Nowadays it is hard to imagine daily communication without emojis like 😄, 😬 or ❤️. These cute pictograms are not only ideal for expressing emotions, they are also standardized. This makes them ideal for analysis. However, before classical analyses such as clustering can be performed, a numerical representation is required. A simple method would be one-hot-encoding, which would be obvious considering the very limited vocabulary (there are only a few thousand emojis). However, embeddings can not only provide more memory friendly representations, but also those that capture a meaning.

There are already some approaches to how such embeddings are created - among others Eisner et al. have tried to exploit the description of Emojis.

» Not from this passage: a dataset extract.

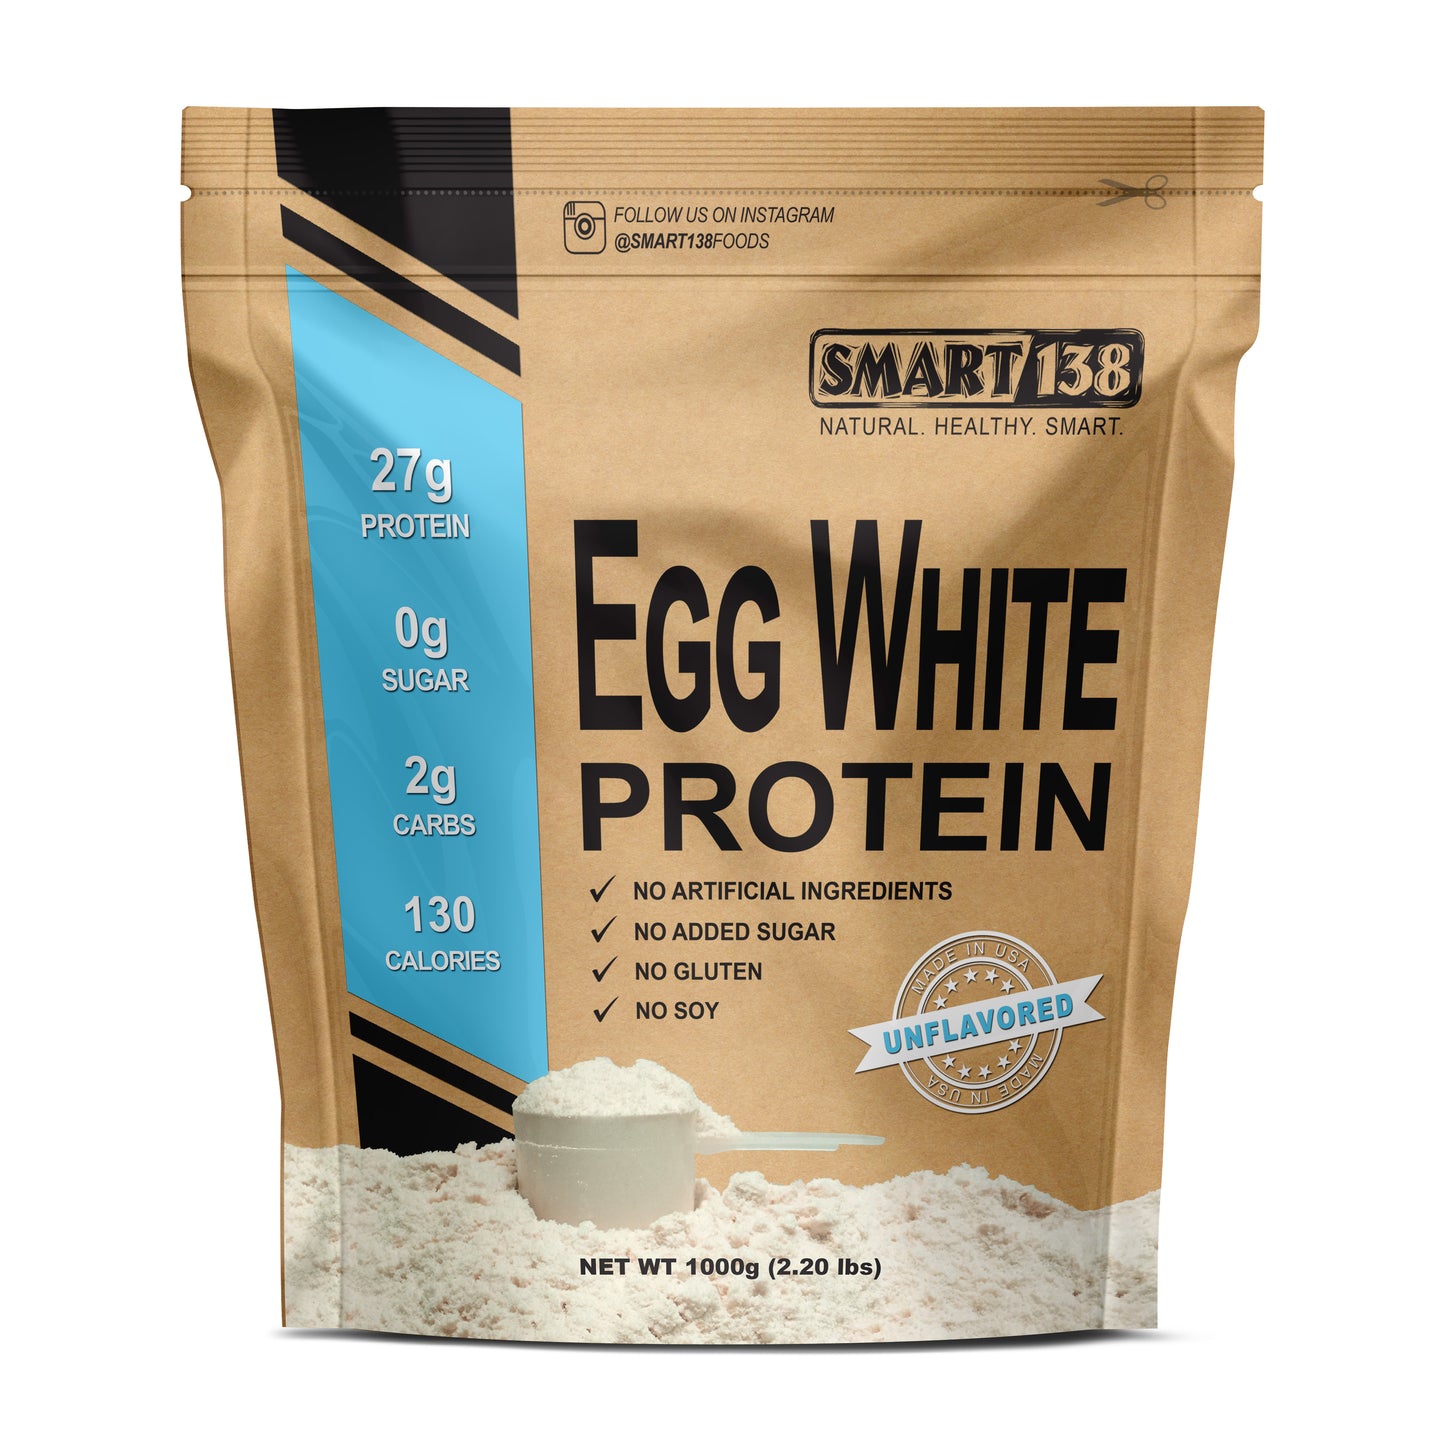 Egg White Protein - Smart 138 foods

But one can also analyze only observed use. Thus it is suggested that emojis are more similar if, for example, they occur in the same context as other emojis. Illendula et. al., for example, also pursued such an approach.

Facebook has released some time ago software called StarSpace. With this software you can train all kinds of embeddings. The software is written in C++ and offers a Python interface. Fortunately there is also a suitable R-package called ruimtehol (please don’t ask me how they got the name).

After a one-time installation of the package (install.packages("ruimtehol")) it can be loaded as follows:

library(ruimtehol)

Now we only need the data - concretely Emoji sequences (e.g. ❤️😄❤️ ). These can be downloaded from social media platforms (in my case they come from Twitter).

Suppose you now have the data in a vector called emo_seq. Then you can pass it to the method embed_wordspace:

model <- embed_wordspace(
	emo_seq, 
	dim = 8
) 

The first argument is the vector of emoji sequences and the second argument is the size of the representation. The larger the representation, the richer the information that can be captured, but the more memory is required. In addition, more data and time is needed to train larger models and the added value decreases at some point. A rule of thumb is that in embeddings the root is taken to base 4 of the vocabulary. Since there are around 3000 emojis, you get about 7.4 (rounded up to 8) dimensions.

wordvectors <- as.matrix(model)
head(wordvectors, 5)
1 2 3 4 5 6
🤷 0.00 0.00 0.00 0.00 -0.00 -0.00
🤦 0.00 -0.00 -0.00 -0.00 0.00 0.00
😂 -0.00 0.00 -0.00 0.00 -0.00 0.00
👉 0.00 -0.00 0.00 0.00 -0.00 -0.00
🔥 0.00 -0.00 -0.00 0.00 -0.00 0.00
😍 -0.00 0.00 -0.00 -0.00 -0.00 -0.00

Assessing Similarity between Emojis

Given this vector representation, it is very easy to define a similarity between elements. This is mostly done by using the cosine similarity between the vectors, which is ultimately based on the angle of the vectors.

Ruimtehol offers a method to calculate the similarity between two vectors, but we only want the most similar ones. Therefore we build our own method that sorts all emojis by similarity and returns the most similar ones.

most_similar <- function(e, m, top_n = 10) {
    distances <- embedding_similarity(m, m[e, ])[, 1]
    data.frame(cos_sim=head(sort(distances, decreasing = TRUE), top_n))
}
most_similar("🔥", wordvectors, top_n = 5)
cos_sim
🔥 1.00
🎥 0.95
😲 0.92
👹 0.89
0.88

Obviously, the most similar object is the object itself (so it is usually excluded).

  • Eisner, Ben, et al. “emoji2vec: Learning emoji representations from their description.” arXiv preprint arXiv:1609.08359 (2016).
  • Illendula, Anurag, and Manish Reddy Yedulla. “Learning emoji embeddings using emoji co-occurrence network graph.” arXiv preprint arXiv:1806.07785 (2018).